Your system tells you a newer upgrade is available; yes can delay that (where you’ll be asked again), or dismiss it permanently (putting all need to upgrade on you given the system was told not to nag you). These options apply to all of the Ubuntu family (ie. Lubuntu isn’t any different).
The Lubuntu team also provide EOL notices on this discouse
on our blog site
with the blog post propagating to Planet Ubuntu and other RSS/news feeds, so you can find that in many places.
Standard releases have a 9 month supported life; so 20.10 in it’s name told you 2020-October release, and even without notices you can add 9 months to that and get 2021-July is EOL. Releases are usually the 3rd or 4th Thursday in a month, but mid-late in the month so it’s pretty easy to guess (21.10 is scheduled for 14-Oct; ie. 2nd thursday so you’ll risk being at most a week out).
If you don’t like release-upgrading that often; use the LTS or long-term-support releases, as instead of months, you have years to upgrade.
Lubuntu 20.04 LTS doesn’t need upgrading yet; and the first offer won’t occur until after Lubuntu 22.04.1 has come out in the second half of next year; and then you’ll have months after to upgrade.
ie. we offer two upgrade paths; 20.10 was a non-LTS so was on the 6-9 month release-upgrade cycle; installing a LTS release means the release-upgrade cycle is 2-3 years for upgrades.

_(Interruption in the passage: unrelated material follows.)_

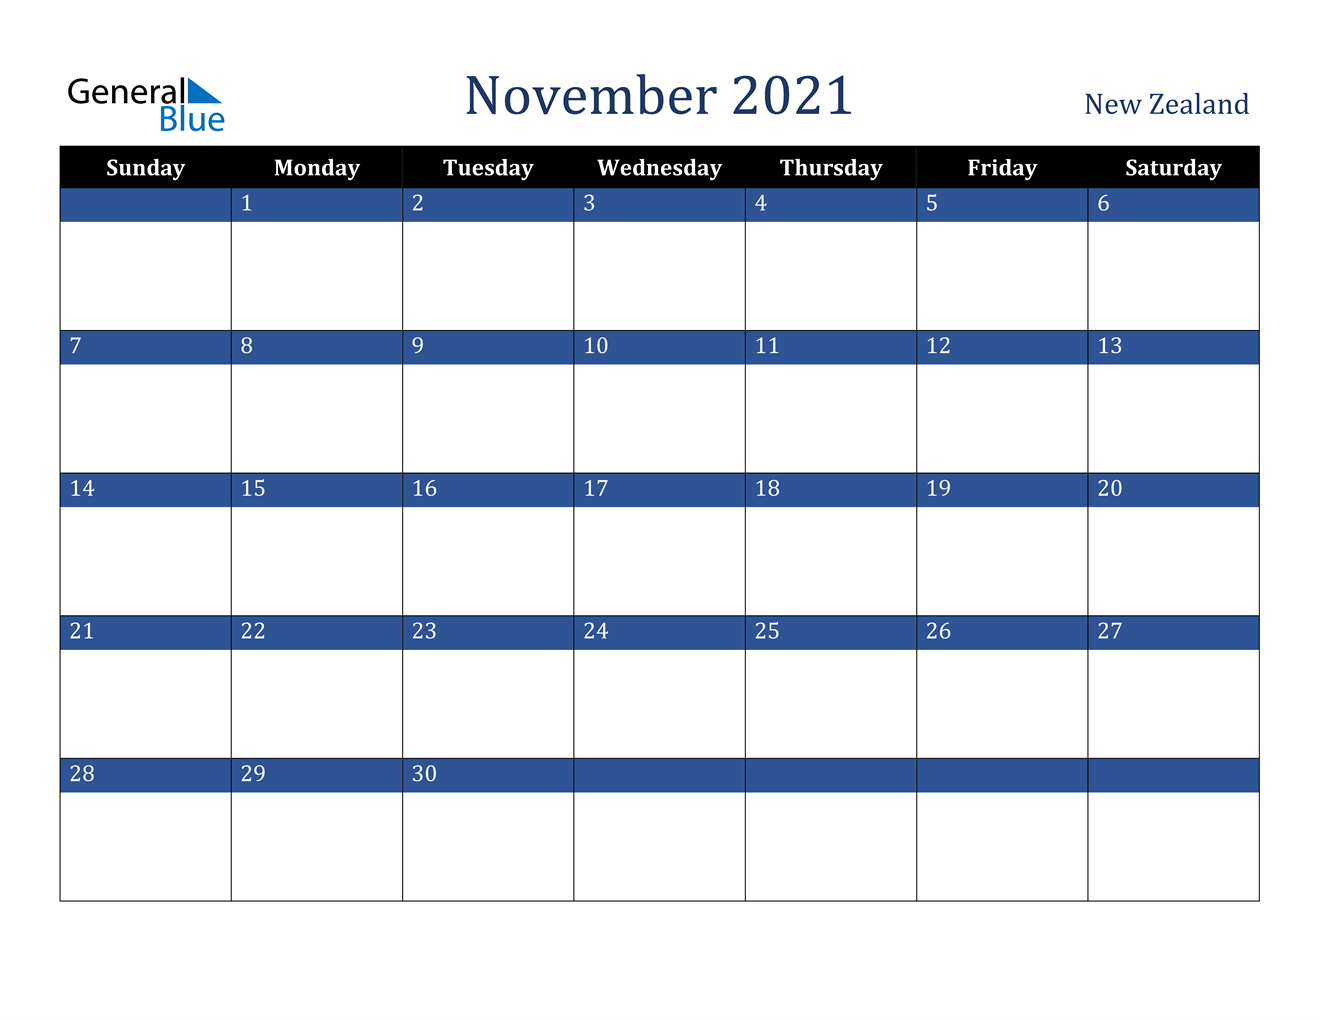 November 2021 Calendar - New Zealand

A final fallback is to upgrade via re-install, a feature I really love about Ubuntu desktop systems (works with flavors like Lubuntu too). It’s a Lubuntu QA-testcase; and is thus mentioned in Testing Checklist - understanding the testcases where the testcase is titled Install using existing partition. You’ll find details on release-upgrade there too, as we QA-test that; but as you’re upgrading to a release version; the -d
option we use in development testing doesn’t apply to your case.
We (Lubuntu) don’t control the archives; no date for the move is given except it occurs after a release goes EOL. For 17.04 it was the next day; for most releases it’s much later. If you don’t want that hassle; upgrade before your release goes EOL & source changes are not required. If you are still using a release when we send out the final aforementioned EOL notices, you need to act rather quickly but that was back in July; thus your upgrade cycle became more complicated.